娘から尊敬されるのって、結構、難しいよ。
地下蔵のドアを開けて、全員がゾロゾロと店内へと戻って来る。店主と青年、そして、女の店員がそれぞれの手に酒瓶を抱えている。
「大変お待たせ致しました。」
店主がカウンターに酒瓶を置き、青年と店員が酒瓶を纏めて、器用にロープで縛り始める。俺達の脇を、酒樽を運んでいた男達が会釈をしながら通り過ぎる。
「いや、気にしないでくれ、俺の方こそ、結構なサービスを受けさせてもらった。」
俺はコートの内ポケットから金貨の入った袋を取り出し、店主の言うとおりの値段を支払う。
二本に纏められた酒瓶をテルナドが、三本に纏められた酒瓶を俺が持ち、酒屋を後にする。三人は最後まで愛想よく接してくれた。嵐の中、手に荷物を持っているのは疲れる。

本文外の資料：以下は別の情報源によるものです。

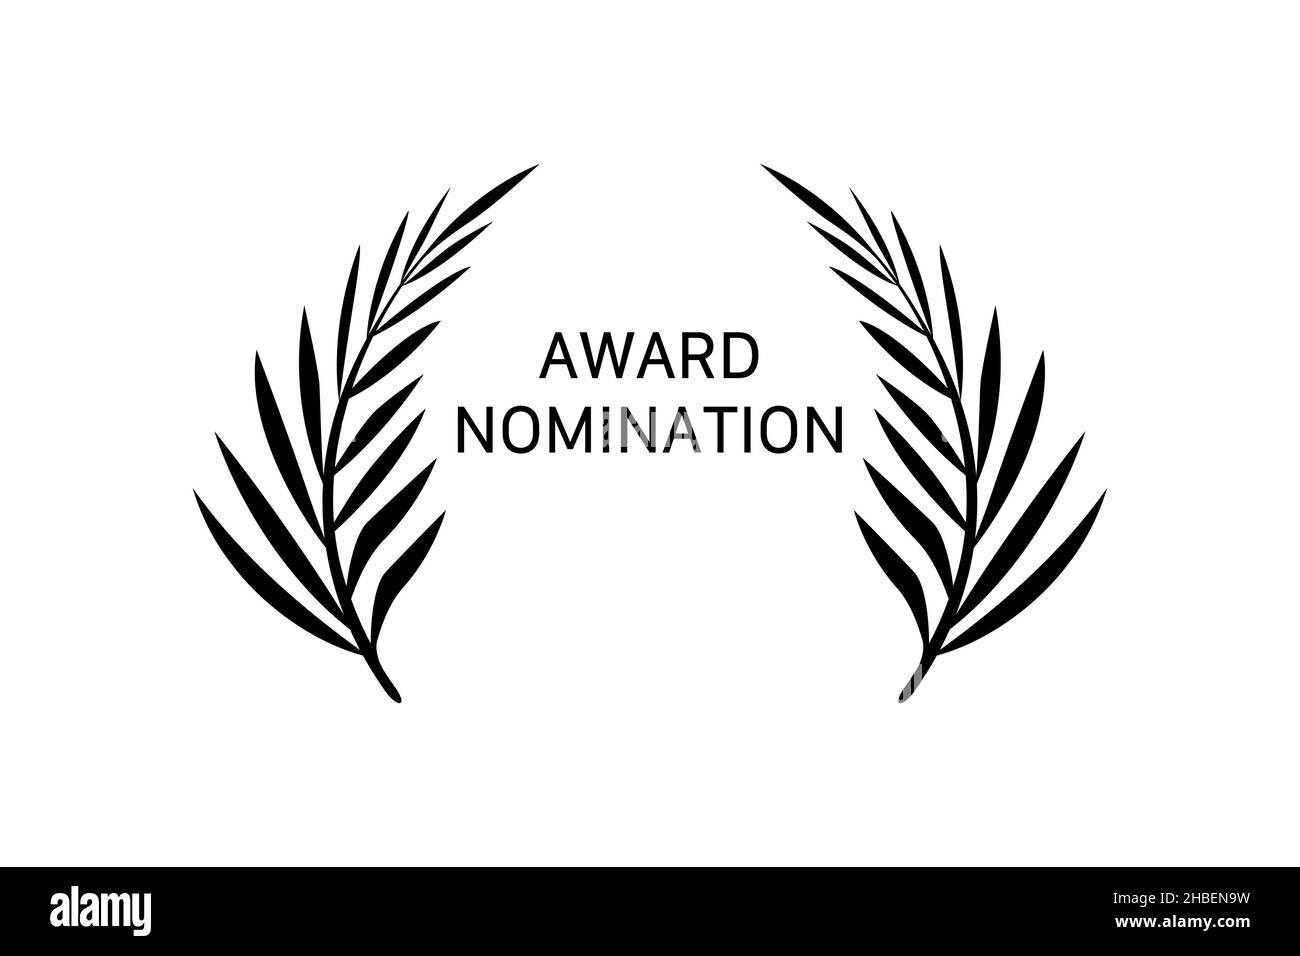 Modello di design del logo per la nomina del premio. Rami neri su sfondo bianco. Segno di riconoscimento con foglie. Illustrazione vettoriale isolata Illustrazione Vettoriale

俺は、角を曲がって、誰にも見られていないことを確認してから、酒瓶を分解保存する。
「どうするの?」
テルナドが聞いてくる。
「大体の状況と事情はわかった。」
俺達は足早に総領事館へと向かう。
「とにかく、フランシスカ王国国内の現状を維持させたままで、ライン川で展開されてる戦場を終結させる。」
「え?」
テルナドが俺の隣に並ぶ。
「そ、そんなことできるの?」
「できるよ?」
「マジで?」
「マジで。その段取りはつけてあるからな。」
「いつの間に?」
「出掛ける前、ってか、晩飯を食べる前に。」
「うそ!?」
「ホント。」
「ど、どうやって止めるの?」
「まあ、それは、現地に着いてからで。」
と、言うことで、俺達は戦場に戻ることになった。